Data to use:
-- Opening Marker --

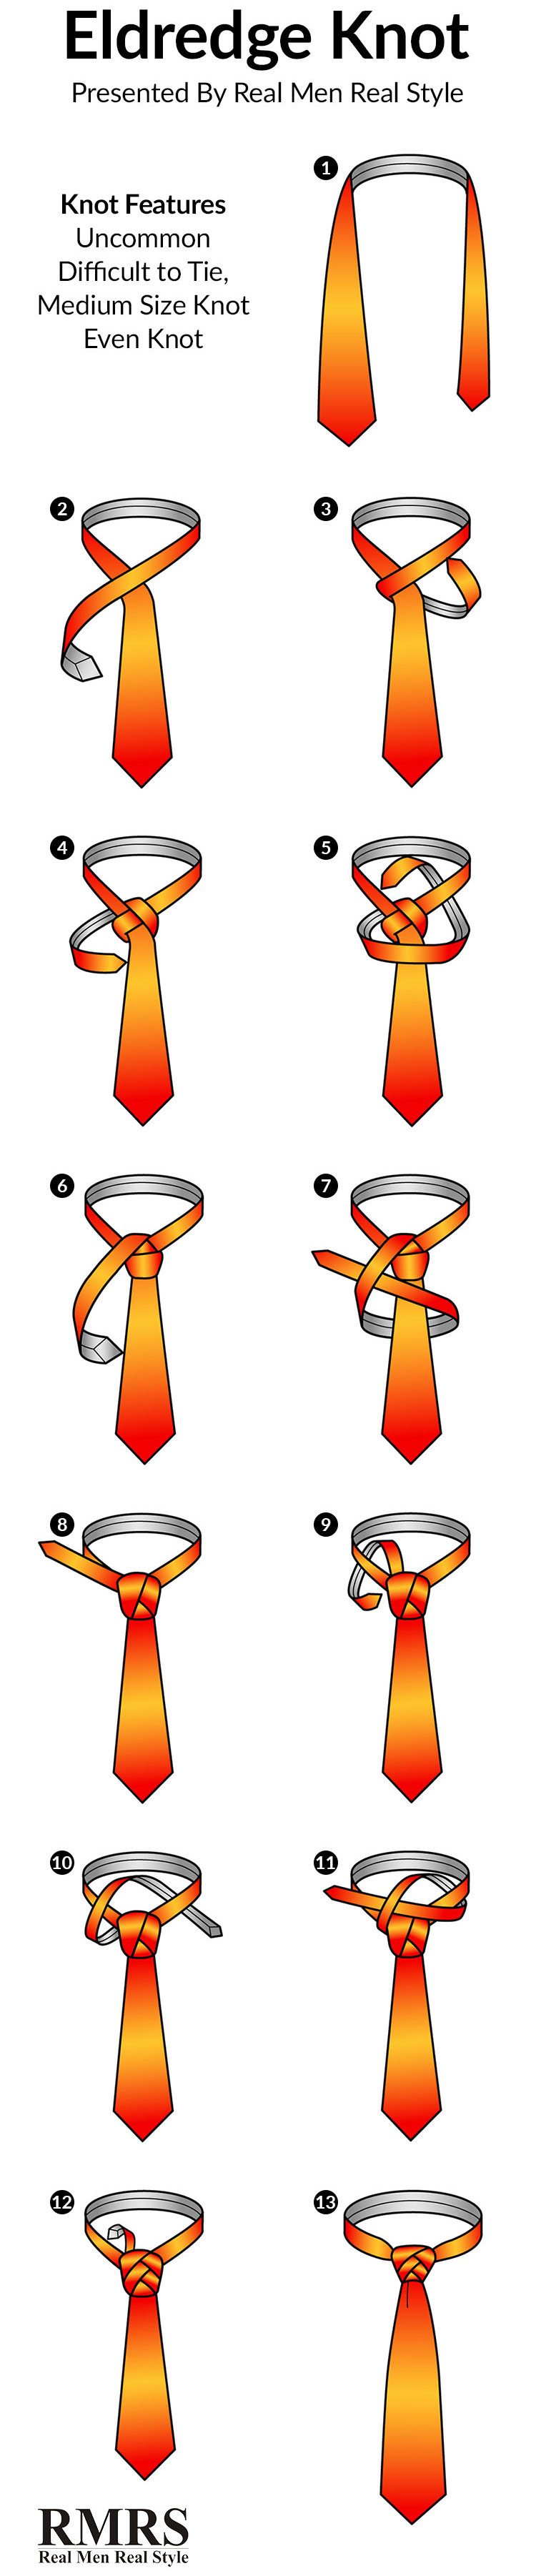 complex-tie-knots-eldredge-knot-infographic-image
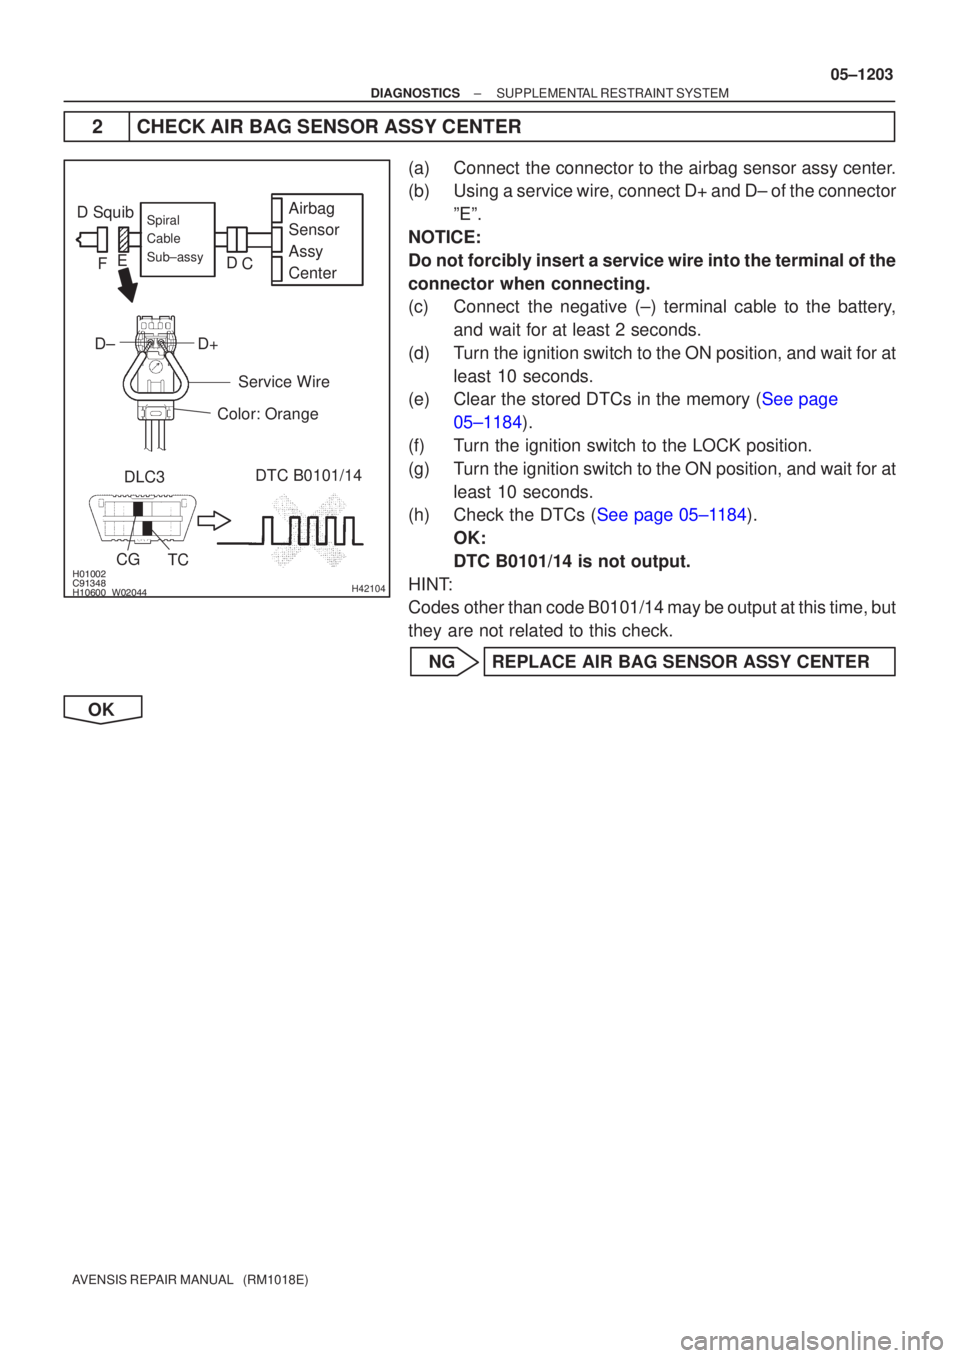 TOYOTA AVENSIS 2005  Service Repair Manual 


	\bH42104
D SquibAirbag
Sensor
Assy
Center
D±D+Spiral
Cable
Sub±assy
Color: Orange
TC
CG
DLC3 DTC B0101/14
Service Wire
C
D
E
F
±
DIAGNOSTICS SUPPLEMENTAL RESTRAINT SYSTEM
05
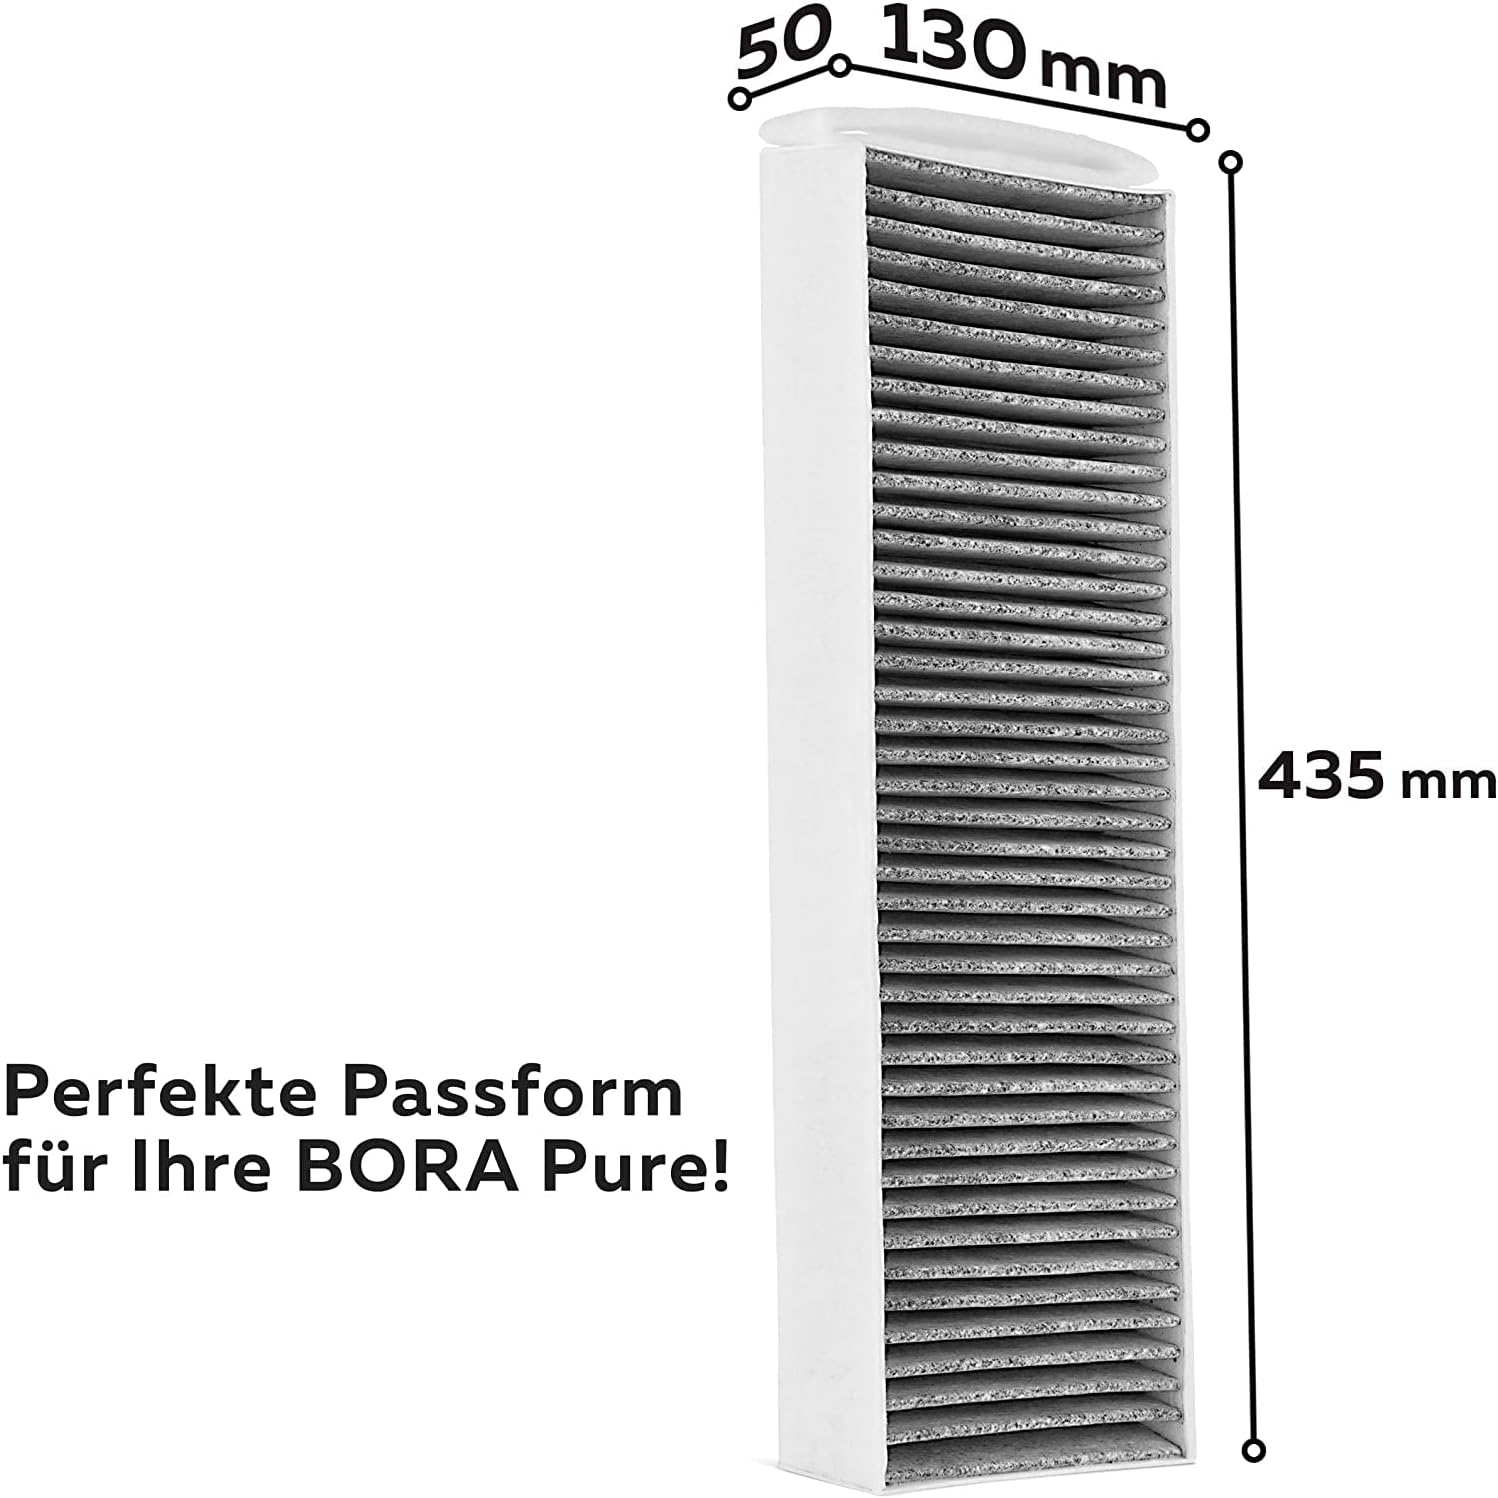 Aktivkohlefilter-Set (3 Filter) für Bora Pure Puakf, für Ihr Umluftkochfeld PURU oder PUXU - 3er Pack
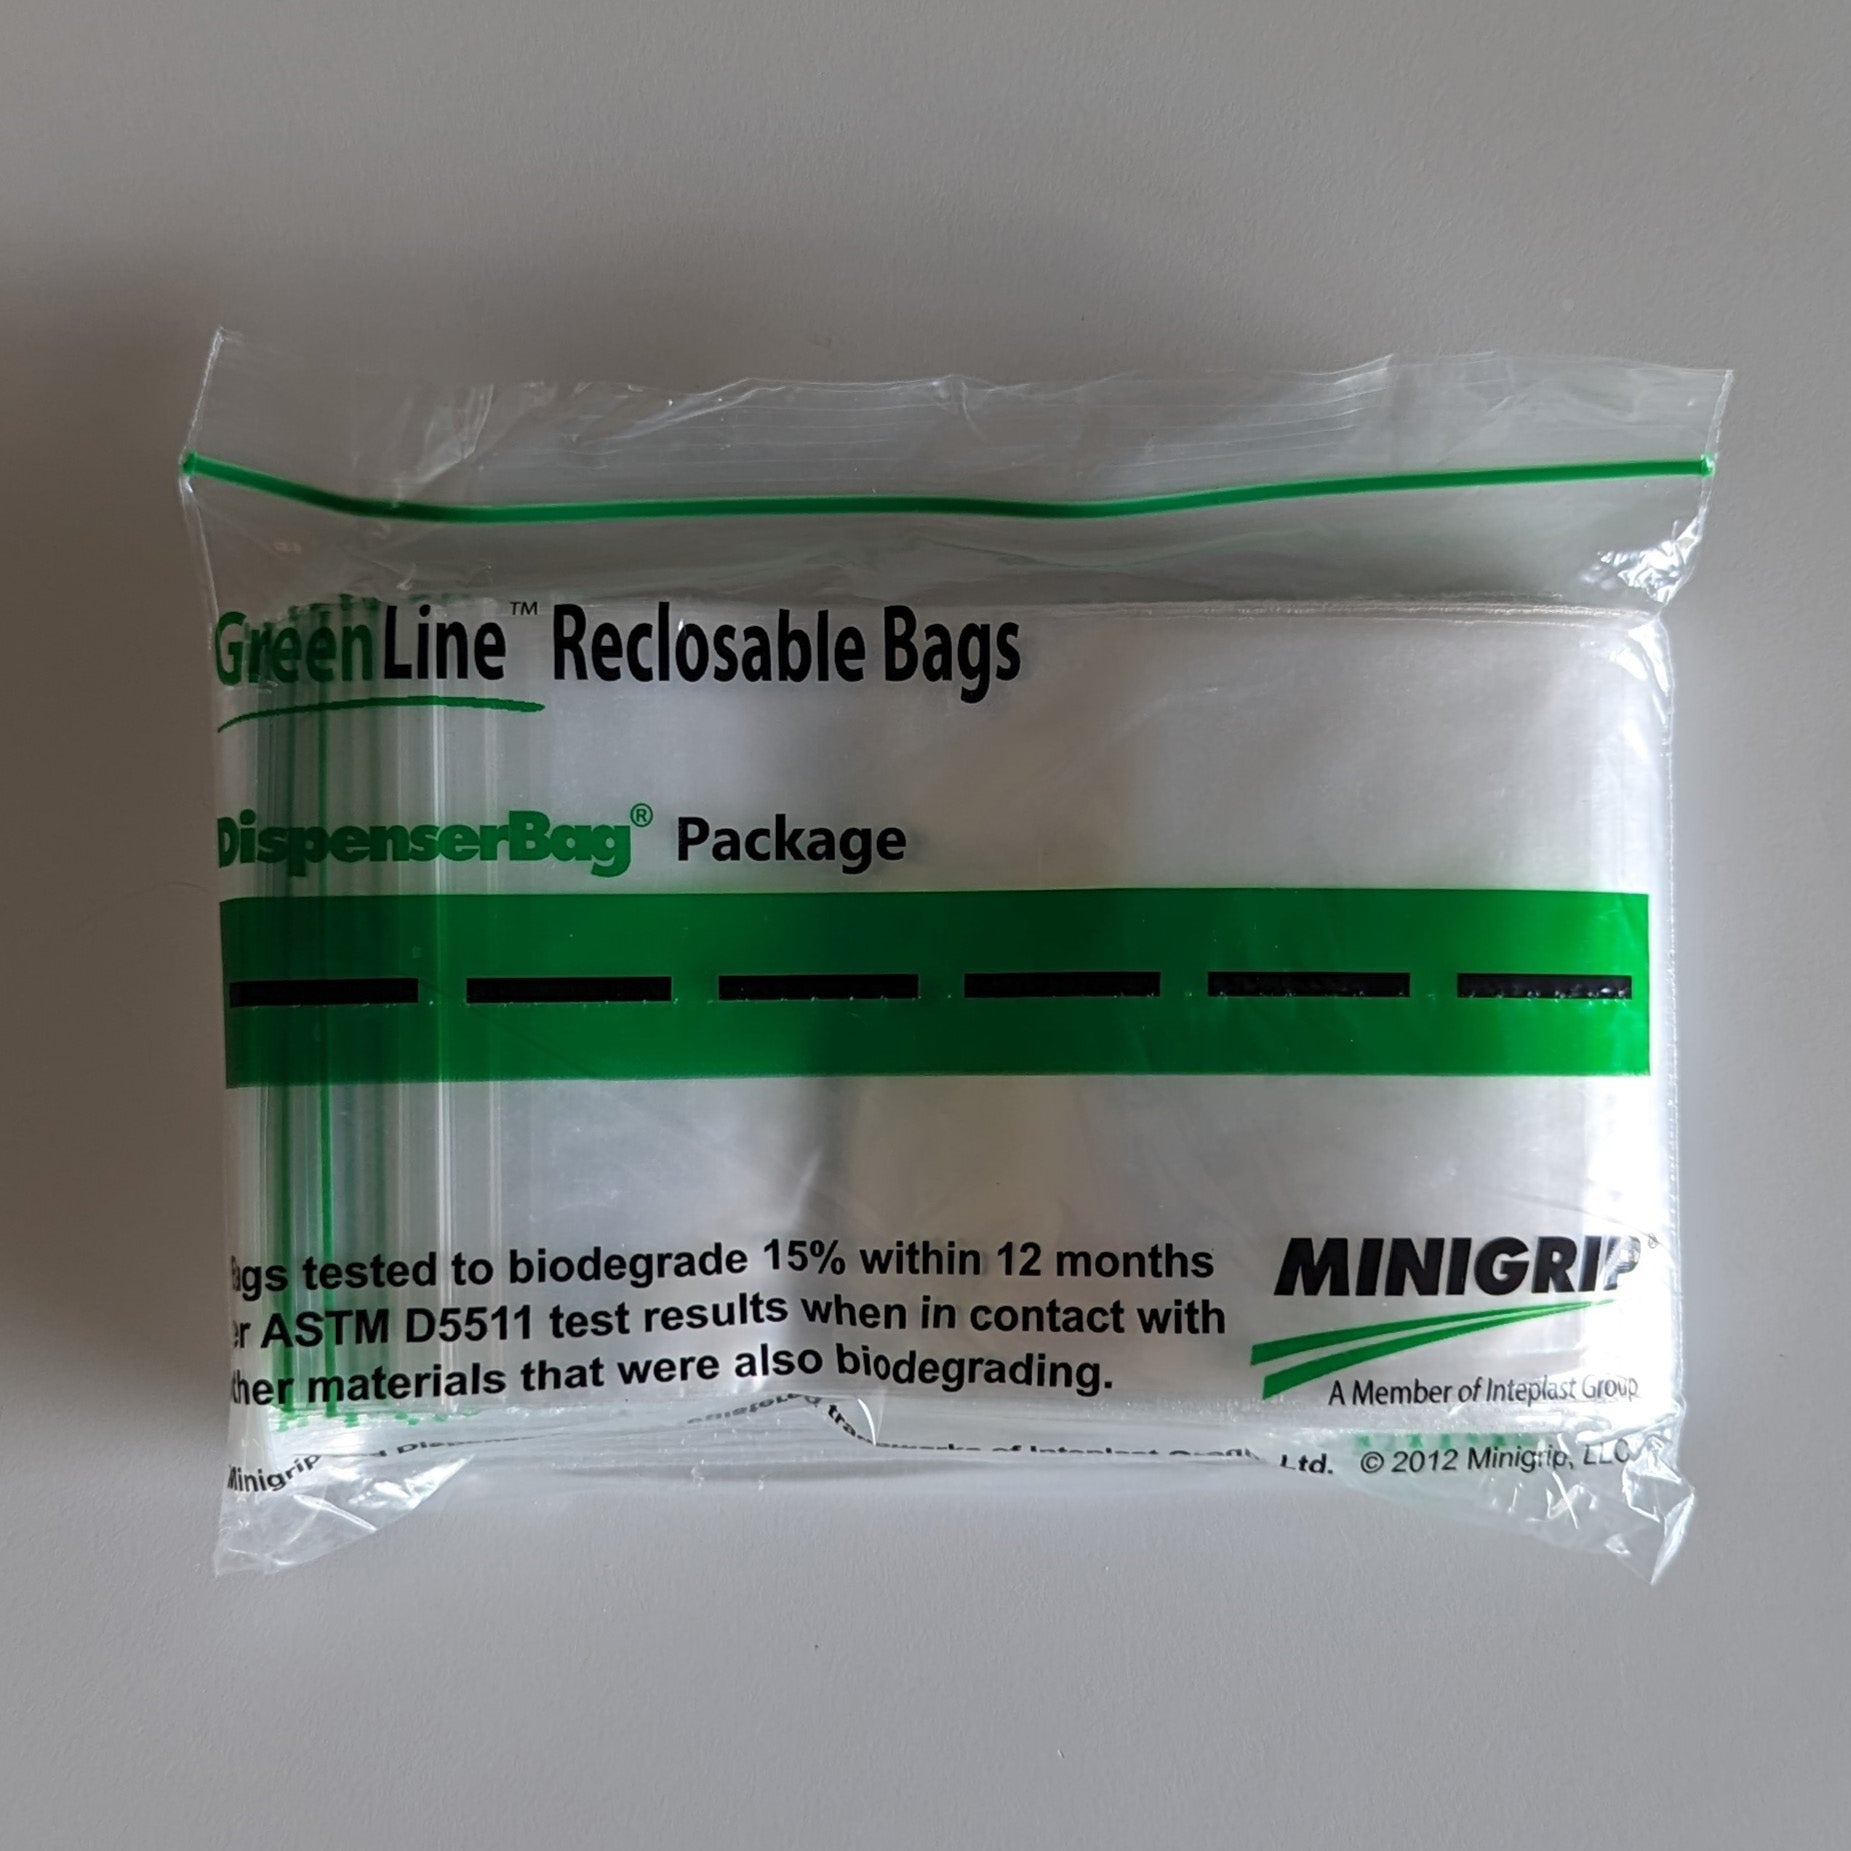 Bundle of 4 Quart size Compostable Zip bags.

-- Closing Marker --

Task prompt: Word for word, set down every record, keeping the images out.

Solution for this exercise:
 complex-tie-knots-eldredge-knot-infographic-image
 TOYOTA AVENSIS 2005  Service Repair Manual 


	\bH42104
D SquibAirbag
Sensor
Assy
Center
D±D+Spiral
Cable
Sub±assy
Color: Orange
TC
CG
DLC3 DTC B0101/14
Service Wire
C
D
E
F
±
DIAGNOSTICS SUPPLEMENTAL RESTRAINT SYSTEM
05
 Aktivkohlefilter-Set (3 Filter) für Bora Pure Puakf, für Ihr Umluftkochfeld PURU oder PUXU - 3er Pack
 Bundle of 4 Quart size Compostable Zip bags.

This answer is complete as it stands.